FIG. 3 is a perspective view showing a use state of the cell culture solution of FIG. 2;

FIG. 4 is a front view showing another embodiment of the present invention.

FIG. 5 is a graph showing the growth state of cells.

FIG. 6 is a graph showing the proliferation state of other cells.

[Explanation of symbols]

1, 2, ... side material, 3: bottom material, 4, 5, 6 ... peripheral part, 7 ... bag-like material, 8 ... sheet-like material, 9 ... filter member, 10 ... filter opening, 11 ... mountain part, 12 ... closing jig, 14 ... opening of bag-like material.

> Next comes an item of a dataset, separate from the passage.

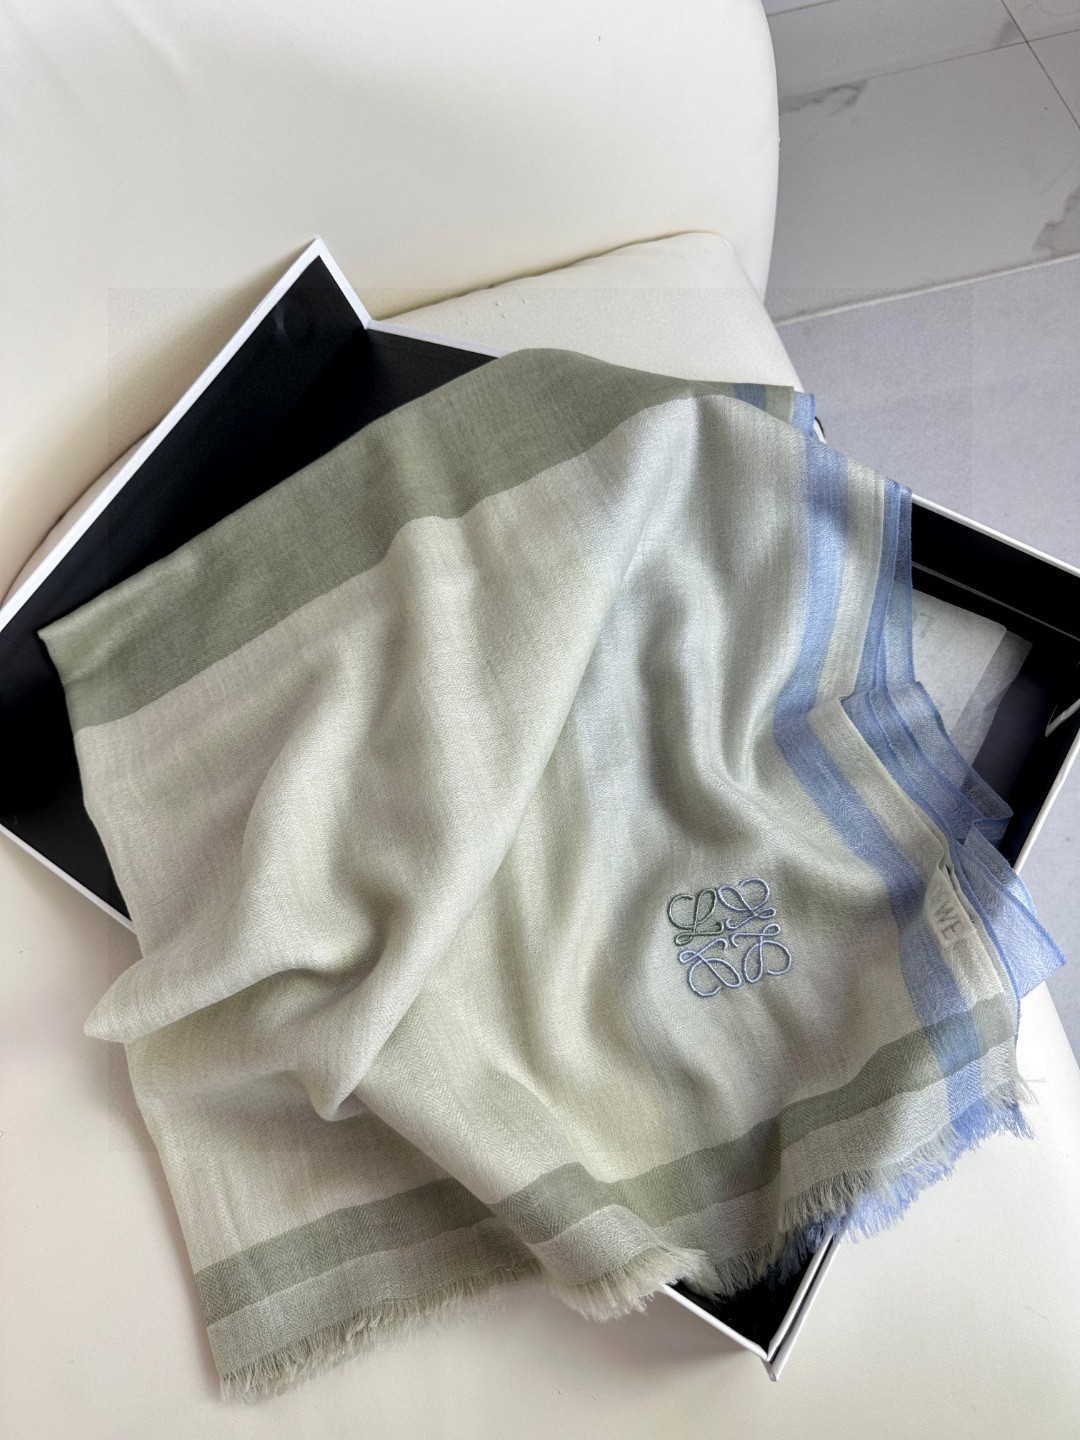 罗意威LW轻盈格纹长巾很幸运拿到這个品牌的东西真的不多见很少在国內做订单款式真的少的可怜️️️罗意威作为

──────────────────────────────────────────────────続 き Continued on the front page (51) Int.Cl. ⁷ Identification code FI C12M 3/00 C12N 5/00 F (72) Inventor Mitsunori Mori 56 Imaiuecho, Nakahara-ku, Kawasaki-shi, Kanagawa Prefecture Fujimori Kogyo Co., Ltd. (56) References JP-A-4-20281 (JP, A) JP-A-3-126850 (JP, U) (58) Fields investigated (Int. Cl. ⁷ , DB name) C12N 1/00-5 / 28 C12M 1/00-3/10

Claims (2)

(57) [Claims] 1. A pair of opposed side members having a heat-fusible synthetic resin layer on at least an inner surface thereof, and a mountain-folded bottom member sandwiched between the side members near a lower portion thereof. and wherein the two side members between Oyo BiAmane edge bag-like objects comprising continuously in, to release the crease of mountain fold shape bottom member of the housing in the pouch material and within the bag-like object a sheet-like material having rigidity for flattening, without passing through the and bacteria is provided near the top of at least one of the side members, the maximum
Pore diameter 0.1-50 μm, porosity 30-90%, air permeability 1
After flattening the bottom material of a flexible container having an opening closed with a filter of ３０30 sec / 100 cc and storing a culture solution, the opening of the flexible container is sealed and shaken. Aerobic microorganisms and plants characterized by being cultured
A method for shaking culture of cells or animal cells . 2. The shape of the bottom surface when the mountain-folded bottom material of the bag-like material is flattened by releasing the mountain-folding is long side: short side = 1: 1.
The shaking culture method according to claim 1, wherein a flexible container having a rectangular shape of up to 3: 2 is used.